‘Witchcraft’ and mysterious occult beliefs have been blamed for the surge in attacks targeting albinos in Africa over the last decade, but a UN expert said those theories leave a lot unexplained.

Ikponwosa Ero, a Nigerian who has the genetic condition that causes people to be born with very pale skin, is the first expert named by the United Nations to focus on the rights of people with albinism, including why they have been brutally maimed and murdered across Africa.

‘The attacks are a consequence of a root cause, so going after the root cause is one of my priorities,’ Ero told AFP. 

There were isolated attacks targeting albinos in Africa before 2006, but for Ero, the dramatic rise in such incidents across the continent over the last 10 years marks a clear phenomenon that requires further investigation.

‘People get it when you say 'witchcraft'‘, Ero told AFP. ‘It may not be correct.’

Much of the violence against albinos occurred in Tanzania, where dozens have been slaughtered or severely wounded since 2006.

Albino body parts have reportedly been used in ceremonies aimed at making diamonds appear in the soil in the East African nation. Their white hair has also been weaved into fishing lines to help fisherman make a big catch.

But attacks have also spiked in south and west African countries thousands of kilometres away from Tanzania, including Sierre Leone, where there at least 60 albinos have been murdered since 2007.

Ero said a key question was how a bizarre, mystical belief that possession of albino body parts could bring riches found adherents across a vast continent in a relatively short period of time.

The sharing of ideas among so-called witchdoctors from Tanzania to Sierra Leone to Malawi -- where albino violence spiked last year -- seems hard to believe, Ero said. 

There is also no known evidence of a pan-African, pre-colonial belief in the magical power of dismembered albino bodies.

As the International Committee of the Red Cross noted in a 2009 report that sought to understand rising attacks in Tanzania and Burundi, ‘the use of the body parts of murdered albinos as good-luck charms suddenly came from nowhere.’

- Other answers -

Ero said one of her jobs is to look for other answers.

‘There are a lot of theories,’ she told AFP, highlighting one -- rising wealth on the continent -- that may be ‘viable.’

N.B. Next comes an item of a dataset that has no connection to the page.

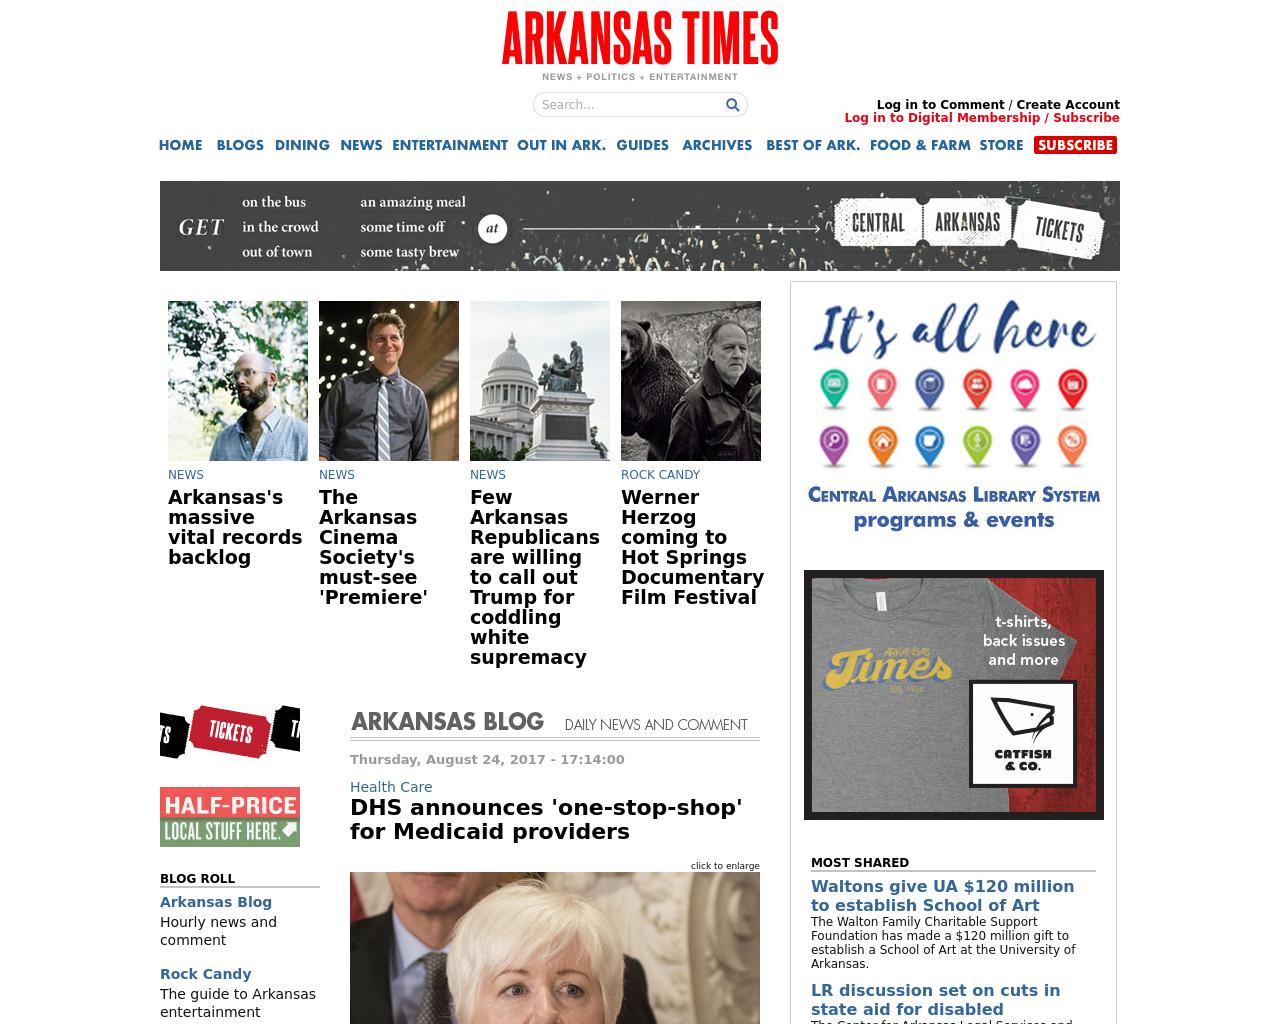 Arkansas-Times-Advertising-Reviews-Pricing

This theory suggests that economic growth in Africa created new individual wealth that fuelled resentment and suspicion in some communities.

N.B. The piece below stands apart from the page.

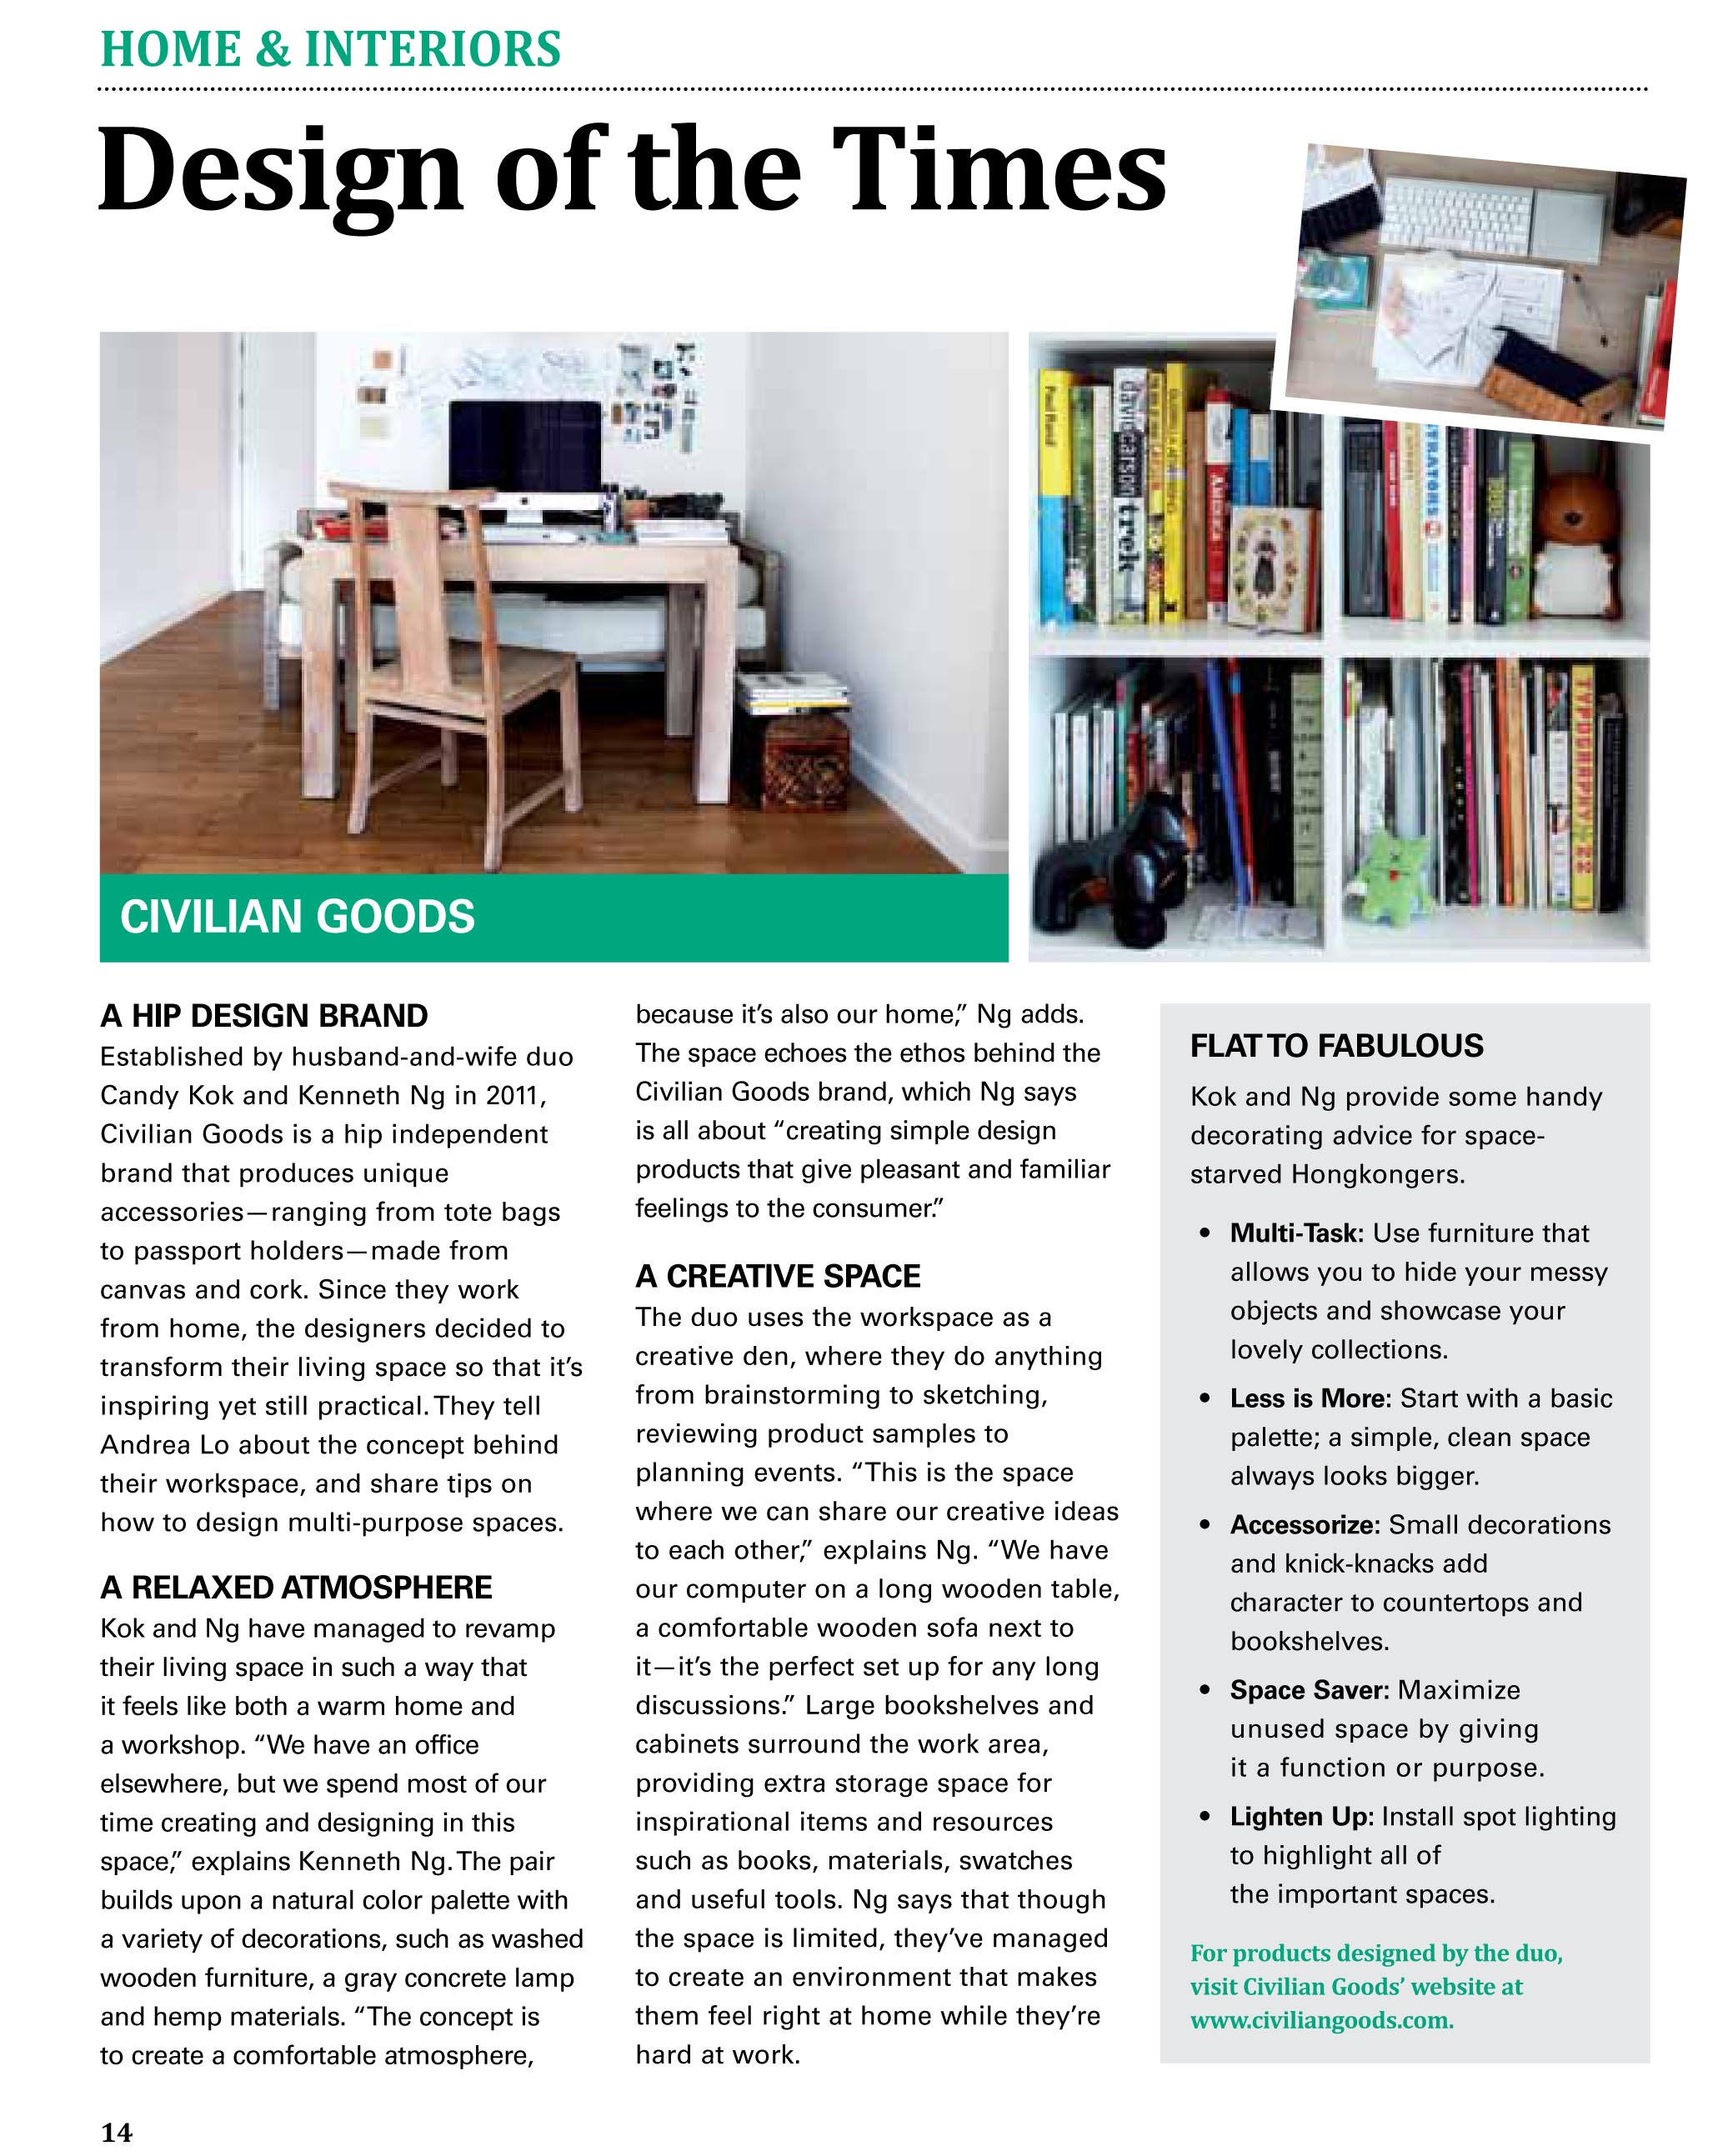 July 1st 2013: The List Magazine

In isolated cases ‘capitalism (was viewed) as a magical phenomenon and people can't understand why you are so rich and I am are so poor,’ Ero explained.

Claims by so-called witchdoctors that albino body parts brought prosperity may have been persuasive to a handful of misguided people and the notion somehow spread. 

This theory was previously argued in 2013 research from the Free University of Berlin which blamed the surging attacks on albinos in Tanzania on resentments caused by boom-and-bust economic cycles in the northwest Mwanza district, where the attacks were concentrated.

Ero said the ultimate goal was to move past vague references to African witchcraft -- which suit media headlines -- but which do not fully explain the gruesome trend.

‘You can't stop something from happening without looking at the reason why it's happening,’ she said.